_WHAT THIS TASK INVOLVES_: A word-for-word copy of the entries below is required.
□ □ □ □
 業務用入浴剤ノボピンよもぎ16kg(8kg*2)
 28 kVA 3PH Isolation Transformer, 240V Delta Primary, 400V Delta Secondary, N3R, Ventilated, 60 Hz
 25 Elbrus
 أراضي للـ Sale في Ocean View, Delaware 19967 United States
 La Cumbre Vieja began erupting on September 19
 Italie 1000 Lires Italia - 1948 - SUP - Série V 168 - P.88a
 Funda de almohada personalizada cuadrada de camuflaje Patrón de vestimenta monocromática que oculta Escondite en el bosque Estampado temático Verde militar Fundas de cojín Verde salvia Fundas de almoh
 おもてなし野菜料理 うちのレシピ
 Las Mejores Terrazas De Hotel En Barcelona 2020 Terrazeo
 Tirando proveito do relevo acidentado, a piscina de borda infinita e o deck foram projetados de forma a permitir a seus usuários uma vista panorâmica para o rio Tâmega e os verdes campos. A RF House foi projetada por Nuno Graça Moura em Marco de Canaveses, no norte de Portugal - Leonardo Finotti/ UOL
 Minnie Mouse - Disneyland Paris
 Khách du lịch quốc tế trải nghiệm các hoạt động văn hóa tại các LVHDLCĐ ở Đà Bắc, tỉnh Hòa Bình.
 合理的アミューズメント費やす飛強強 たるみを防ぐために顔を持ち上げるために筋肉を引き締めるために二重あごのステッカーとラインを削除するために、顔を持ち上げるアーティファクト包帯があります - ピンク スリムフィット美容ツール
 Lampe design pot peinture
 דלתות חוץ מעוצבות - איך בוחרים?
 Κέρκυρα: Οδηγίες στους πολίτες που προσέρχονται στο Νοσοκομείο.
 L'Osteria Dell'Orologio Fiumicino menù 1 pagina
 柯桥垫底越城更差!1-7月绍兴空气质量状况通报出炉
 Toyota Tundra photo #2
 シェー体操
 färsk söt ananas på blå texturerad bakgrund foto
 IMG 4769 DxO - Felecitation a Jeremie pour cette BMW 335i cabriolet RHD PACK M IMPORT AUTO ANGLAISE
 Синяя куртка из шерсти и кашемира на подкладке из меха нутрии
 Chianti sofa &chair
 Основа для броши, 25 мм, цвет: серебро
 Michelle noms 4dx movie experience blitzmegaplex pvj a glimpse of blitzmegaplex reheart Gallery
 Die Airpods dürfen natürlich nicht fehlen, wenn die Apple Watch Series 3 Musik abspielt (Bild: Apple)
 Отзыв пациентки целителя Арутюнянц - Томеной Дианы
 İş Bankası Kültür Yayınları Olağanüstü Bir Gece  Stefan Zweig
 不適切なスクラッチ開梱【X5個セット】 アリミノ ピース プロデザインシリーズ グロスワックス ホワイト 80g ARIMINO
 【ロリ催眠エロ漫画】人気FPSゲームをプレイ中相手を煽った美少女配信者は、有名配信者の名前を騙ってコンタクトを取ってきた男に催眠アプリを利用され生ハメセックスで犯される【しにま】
□ □ □ □
_EXPECTED OUTPUT_:
 業務用入浴剤ノボピンよもぎ16kg(8kg*2)
 28 kVA 3PH Isolation Transformer, 240V Delta Primary, 400V Delta Secondary, N3R, Ventilated, 60 Hz
 25 Elbrus
 أراضي للـ Sale في Ocean View, Delaware 19967 United States
 La Cumbre Vieja began erupting on September 19
 Italie 1000 Lires Italia - 1948 - SUP - Série V 168 - P.88a
 Funda de almohada personalizada cuadrada de camuflaje Patrón de vestimenta monocromática que oculta Escondite en el bosque Estampado temático Verde militar Fundas de cojín Verde salvia Fundas de almoh
 おもてなし野菜料理 うちのレシピ
 Las Mejores Terrazas De Hotel En Barcelona 2020 Terrazeo
 Tirando proveito do relevo acidentado, a piscina de borda infinita e o deck foram projetados de forma a permitir a seus usuários uma vista panorâmica para o rio Tâmega e os verdes campos. A RF House foi projetada por Nuno Graça Moura em Marco de Canaveses, no norte de Portugal - Leonardo Finotti/ UOL
 Minnie Mouse - Disneyland Paris
 Khách du lịch quốc tế trải nghiệm các hoạt động văn hóa tại các LVHDLCĐ ở Đà Bắc, tỉnh Hòa Bình.
 合理的アミューズメント費やす飛強強 たるみを防ぐために顔を持ち上げるために筋肉を引き締めるために二重あごのステッカーとラインを削除するために、顔を持ち上げるアーティファクト包帯があります - ピンク スリムフィット美容ツール
 Lampe design pot peinture
 דלתות חוץ מעוצבות - איך בוחרים?
 Κέρκυρα: Οδηγίες στους πολίτες που προσέρχονται στο Νοσοκομείο.
 L'Osteria Dell'Orologio Fiumicino menù 1 pagina
 柯桥垫底越城更差!1-7月绍兴空气质量状况通报出炉
 Toyota Tundra photo #2
 シェー体操
 färsk söt ananas på blå texturerad bakgrund foto
 IMG 4769 DxO - Felecitation a Jeremie pour cette BMW 335i cabriolet RHD PACK M IMPORT AUTO ANGLAISE
 Синяя куртка из шерсти и кашемира на подкладке из меха нутрии
 Chianti sofa &chair
 Основа для броши, 25 мм, цвет: серебро
 Michelle noms 4dx movie experience blitzmegaplex pvj a glimpse of blitzmegaplex reheart Gallery
 Die Airpods dürfen natürlich nicht fehlen, wenn die Apple Watch Series 3 Musik abspielt (Bild: Apple)
 Отзыв пациентки целителя Арутюнянц - Томеной Дианы
 İş Bankası Kültür Yayınları Olağanüstü Bir Gece  Stefan Zweig
 不適切なスクラッチ開梱【X5個セット】 アリミノ ピース プロデザインシリーズ グロスワックス ホワイト 80g ARIMINO
 【ロリ催眠エロ漫画】人気FPSゲームをプレイ中相手を煽った美少女配信者は、有名配信者の名前を騙ってコンタクトを取ってきた男に催眠アプリを利用され生ハメセックスで犯される【しにま】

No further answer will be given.